Data segment:
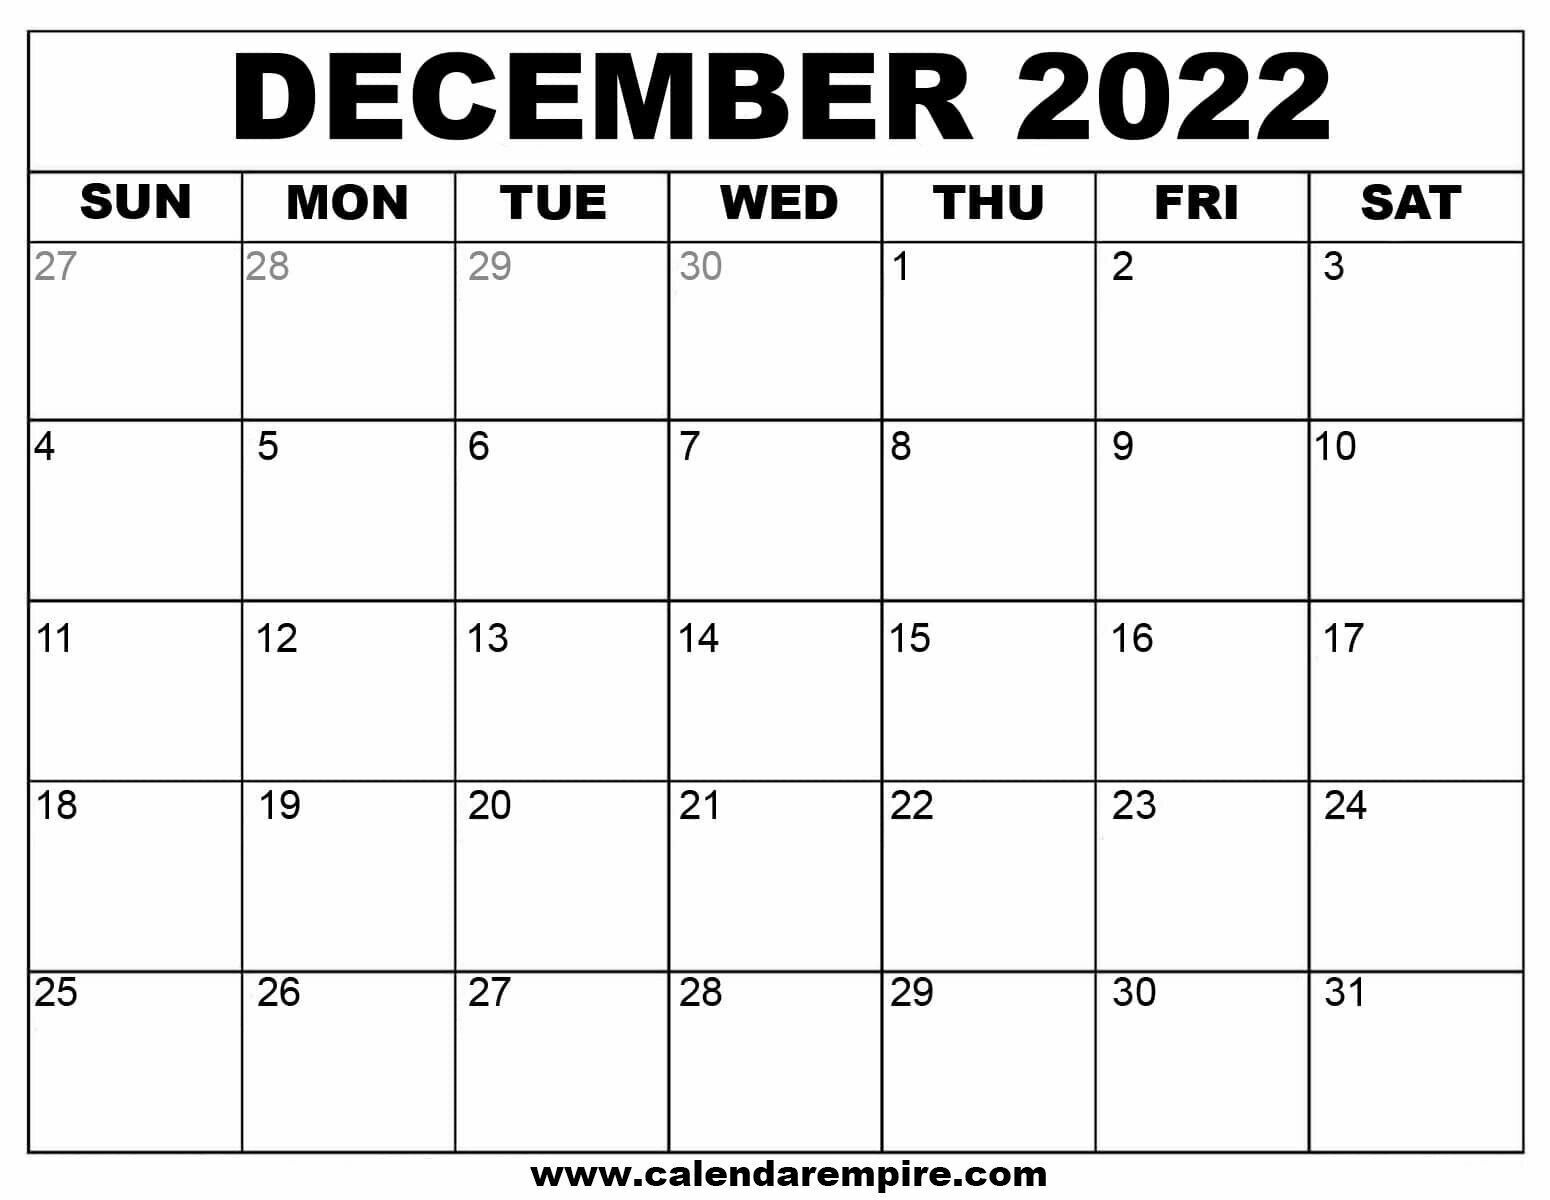 Avatar: December 2022 Calendar
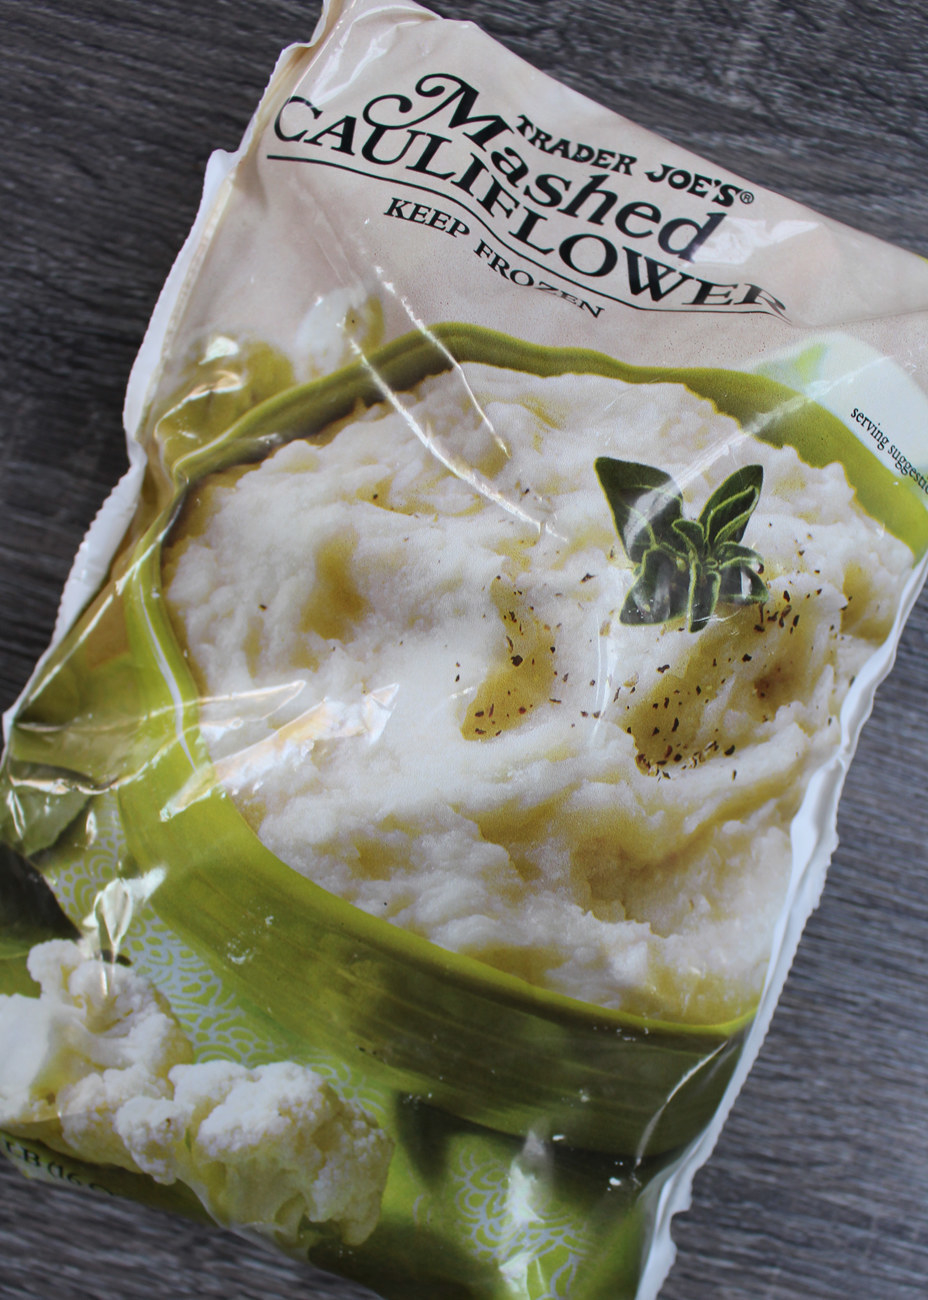 A bag of frozen mashed cauliflower.
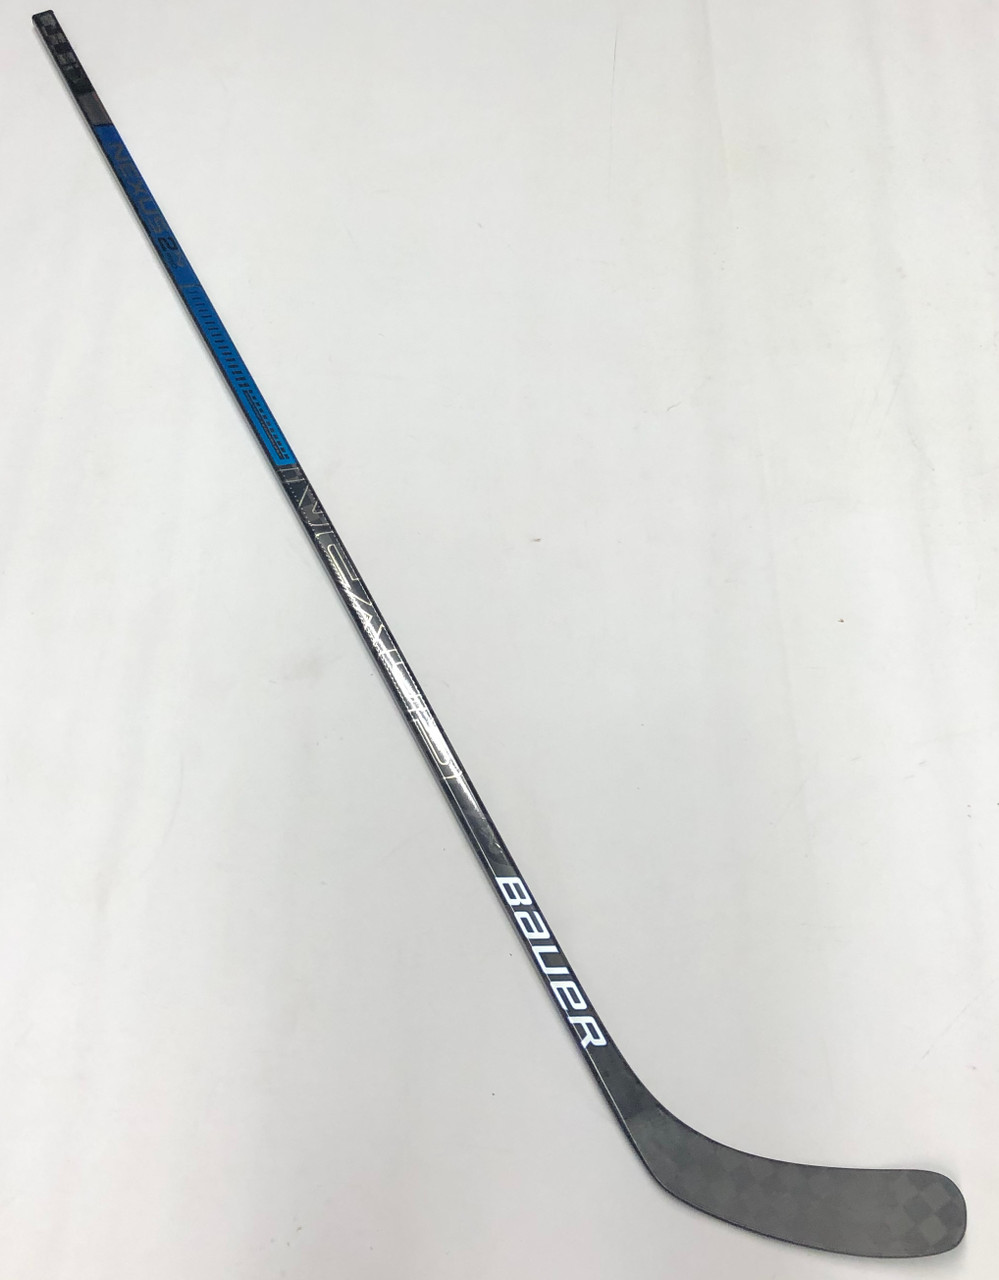 Bauer Nexus 1NXL Pro LH Pro Stock Hockey Stick 102 Flex P92 NHL BARKOV -  DK's Hockey Shop

Directions for this task: What you hand back should match the listing exactly, except that no pictures appear.

Completed exercise:
 Avatar: December 2022 Calendar
 A bag of frozen mashed cauliflower.
 Bauer Nexus 1NXL Pro LH Pro Stock Hockey Stick 102 Flex P92 NHL BARKOV -  DK's Hockey Shop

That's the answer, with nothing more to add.